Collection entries
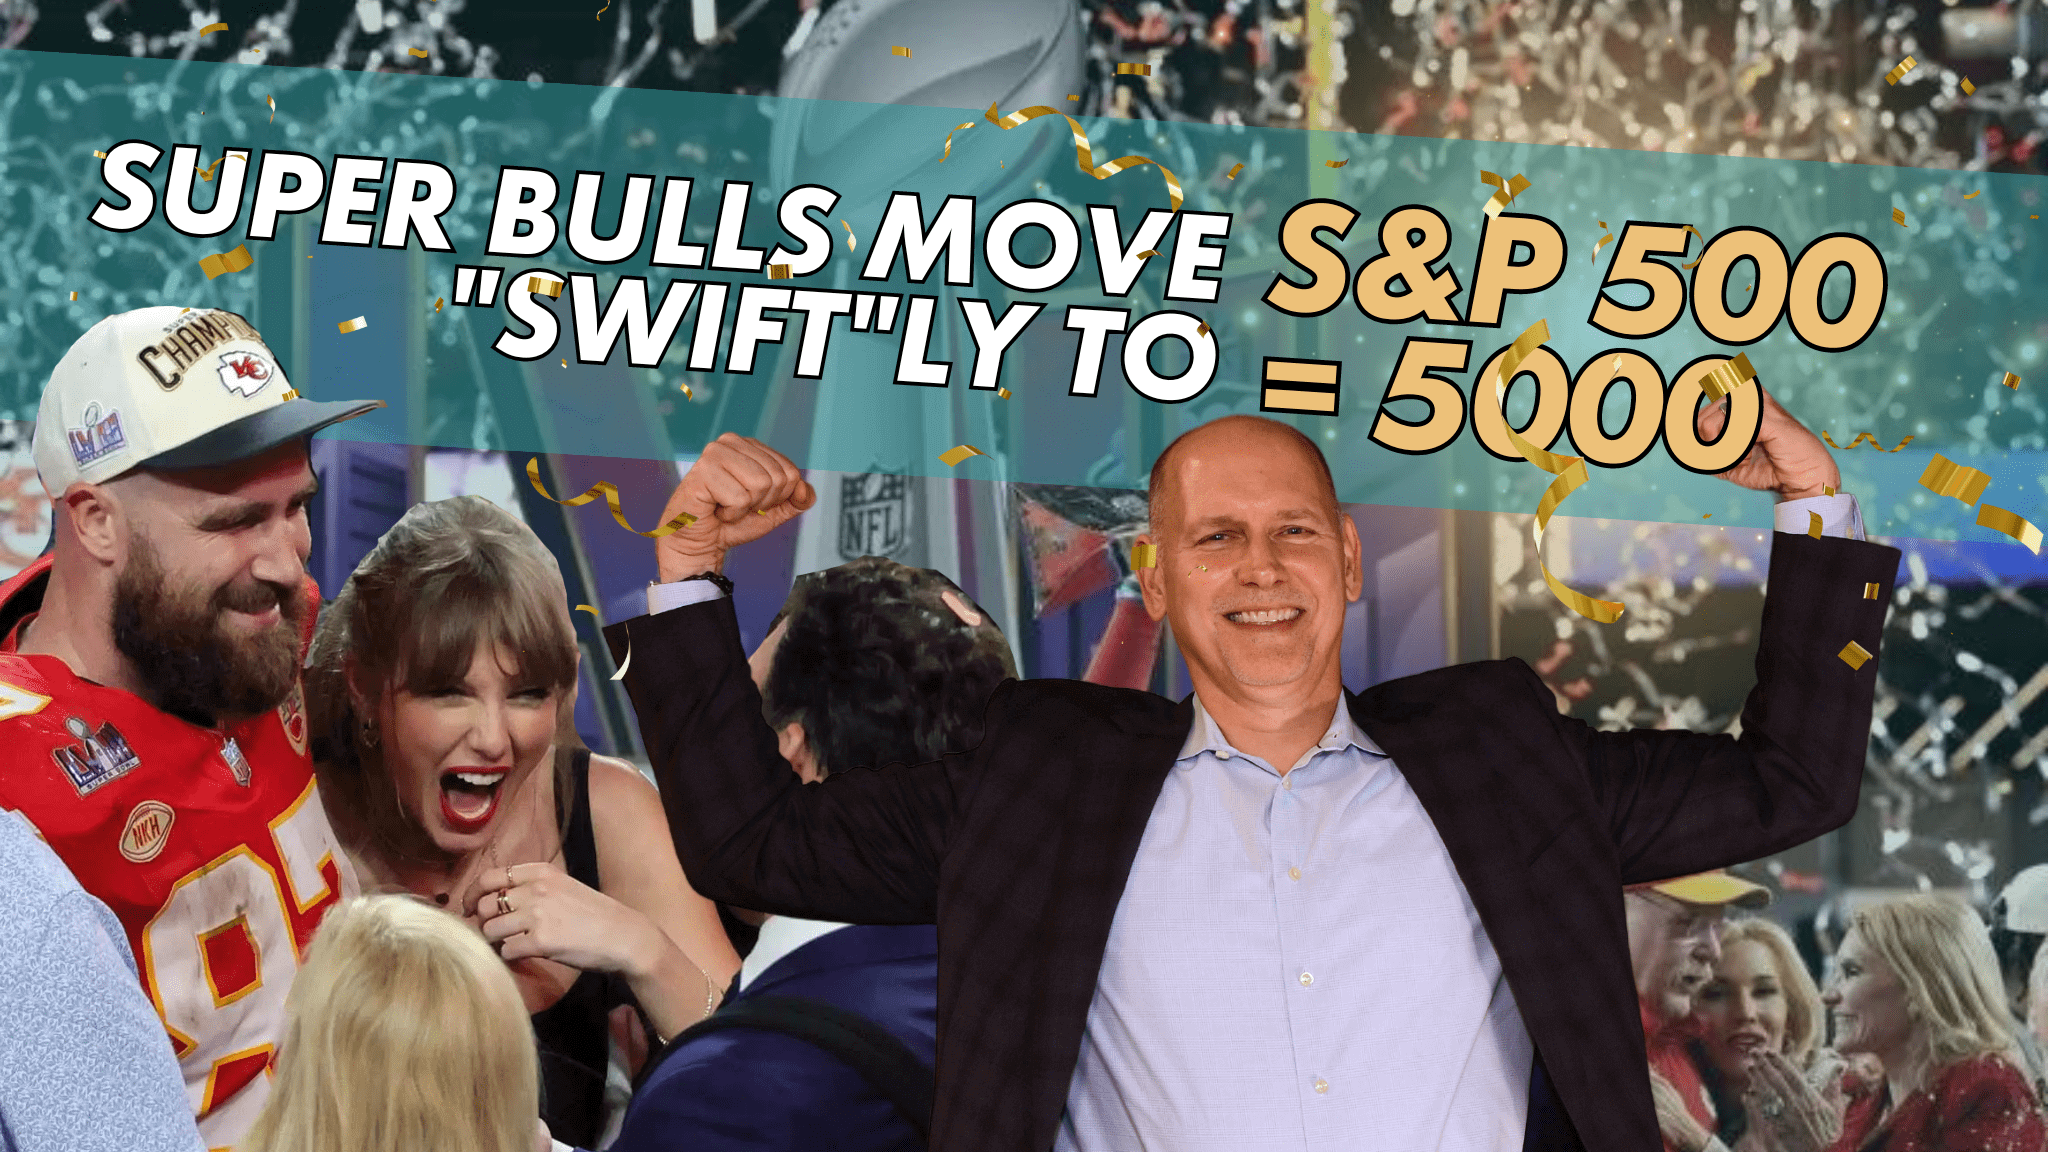 Super bulls move 'swift'ly to S&P 500 = 5000
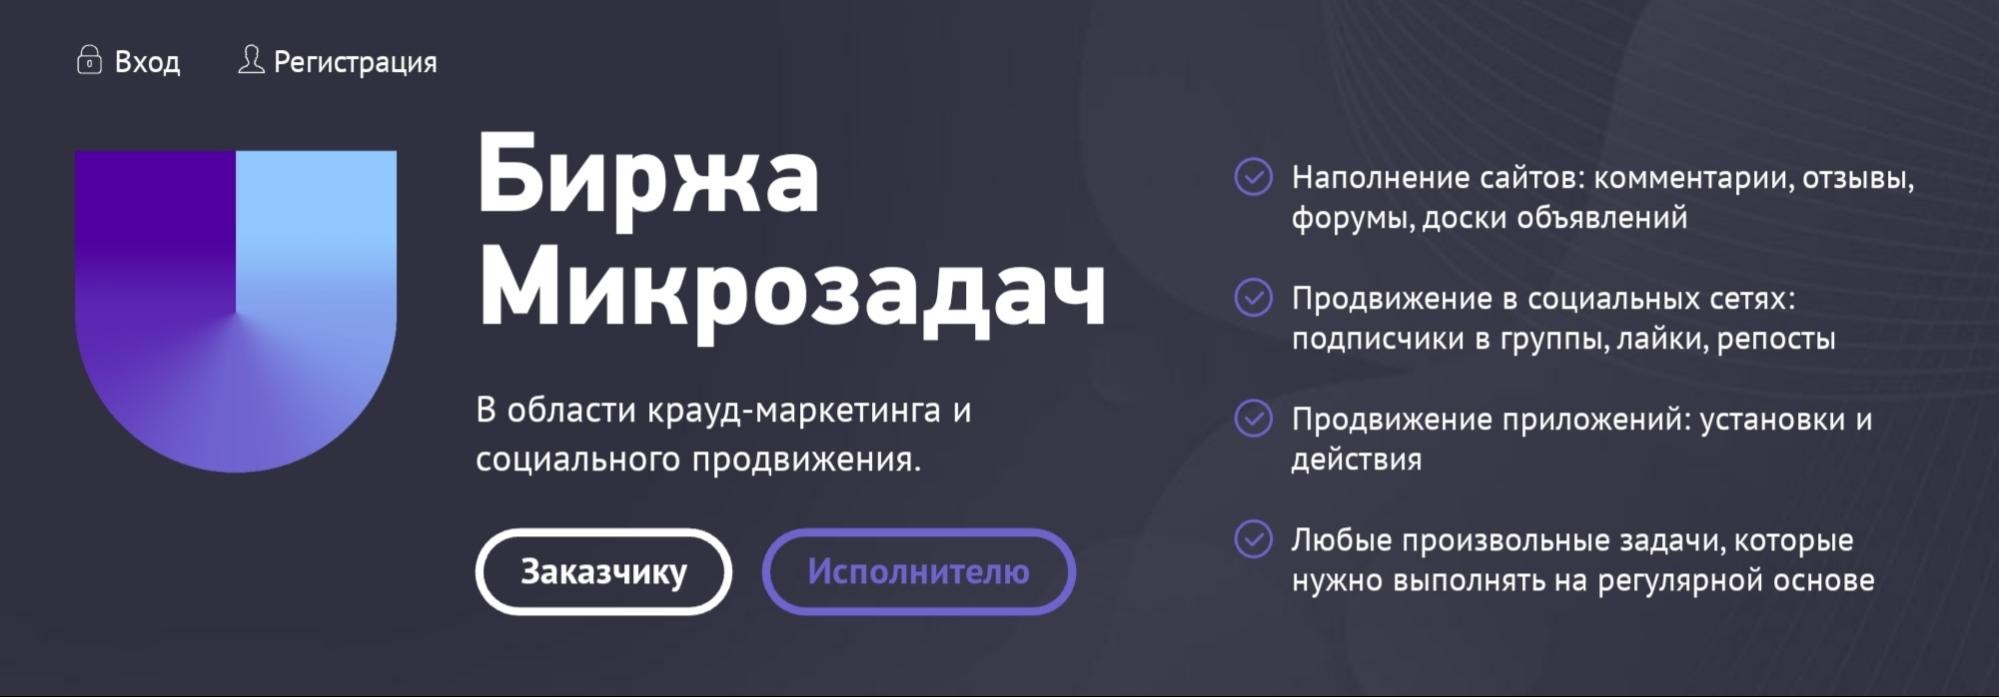 Сайт Unu.ru обзор
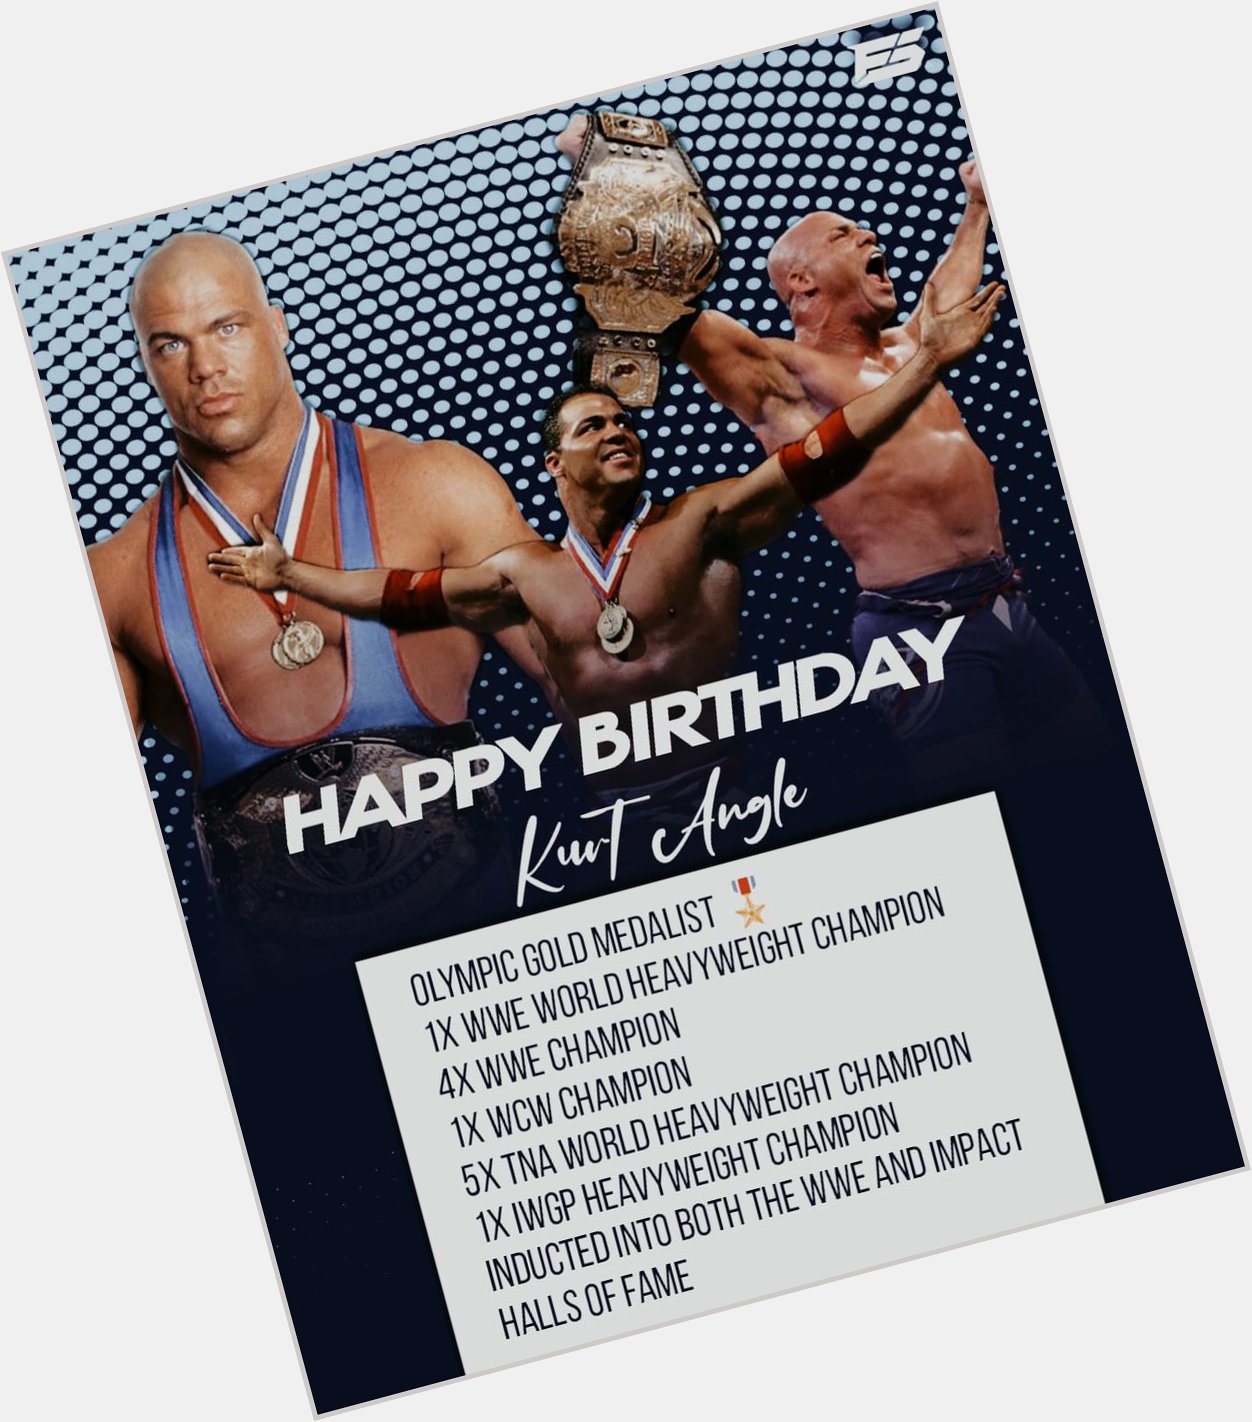 Happy Birthday Kurt Angle .
.
.

• Goal of the exercise: Print each line above exactly as it appears, excluding all images.

• Response to the task:
 Super bulls move 'swift'ly to S&P 500 = 5000
 Сайт Unu.ru обзор
 Happy Birthday Kurt Angle .
.
.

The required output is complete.